The only two studies they used for evidence were Jennifer Gordon’s study described above (remember this was prophylactic/preventative rather than a treatment for depressive symptoms) and a large RCT in postmenopausal women. This trial showed that oral conjugated equine oestrogens improved one depression score, the Profile of Mood States. However, it had no effect on the more well known outcome Beck Depression Inventory. And transdermal oestradiol had no effect on either measure.
Looking through NICE’s stakeholder comments, the British Psychological Society commented:
HRT is not generally recommended as a treatment for depression or low mood - the recommendation should be qualified, e.g. HT might improve low mood that is a consequence of flushes and night sweats.
The committee responded to this comment that the recommendation would be edited for clarity, but I don’t see any sign of any qualification in the final guideline. It is currently being updated, with an expected publication date of August 2023. It will be interesting to see if the recommendations are changed to better reflect the evidence.

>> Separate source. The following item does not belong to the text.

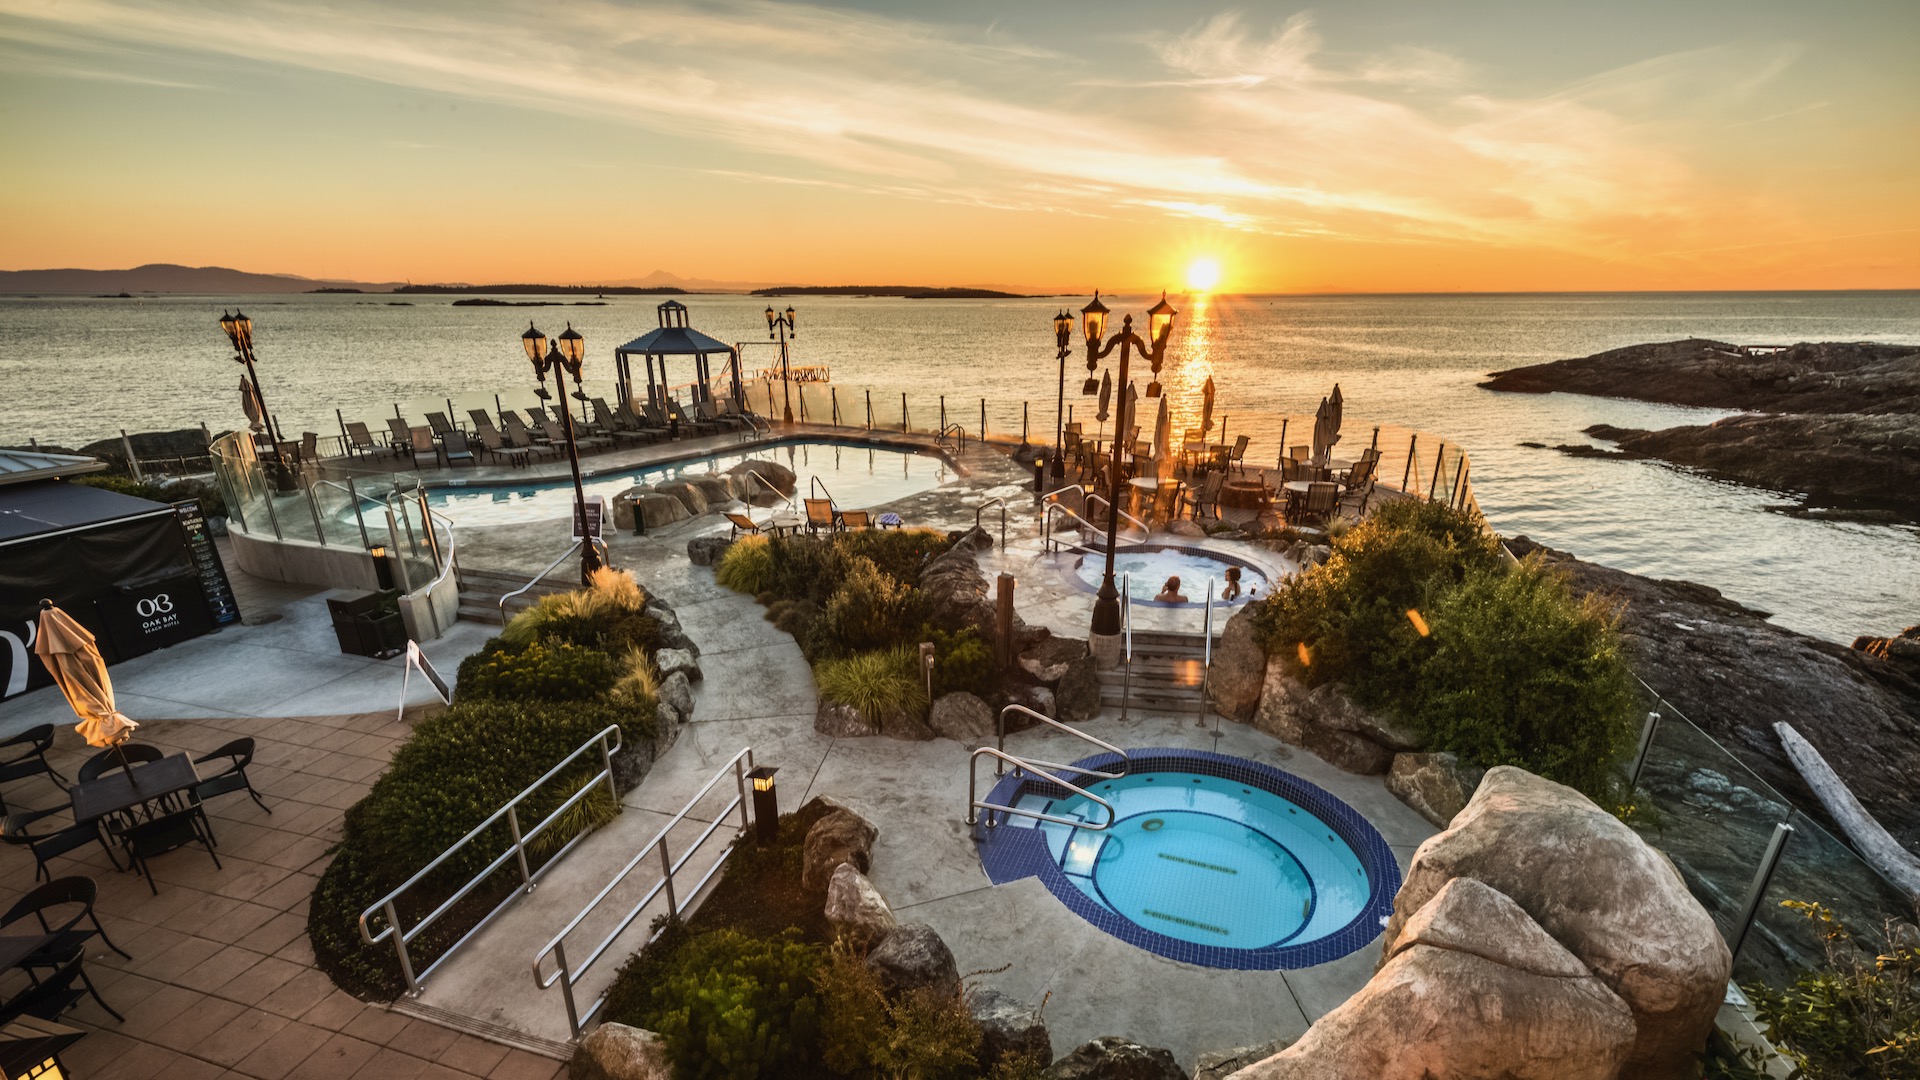 Boathouse Spa & Baths, Oak Bay Beach Hotel | Spas of America

Update to concerns about Wu et al., including a correction issued by Scientific Reports in below twitter thread:
https://twitter.com/rational_psych/status/1565052738802778112?s=12
I’m currently studying this topic and have found quite a few RCTs where Estradiol patches have had an extremely positive effect on perimenopausal depression and a recurrent theme is that this is independent of Vaso motor symptoms. Am suprised by your conclusions . I agree there is plenty of evidence that SSRIs are affective for clinical depression related to perimenopause but NICE guidelines refer more to “low mood” surely in the presence of other symptoms & absence of serious depressive symptoms HRT should at least be tried? If NICE change this guidance it would be very disappointing as women really have to battle to get HRT over SSRIs very often anyway.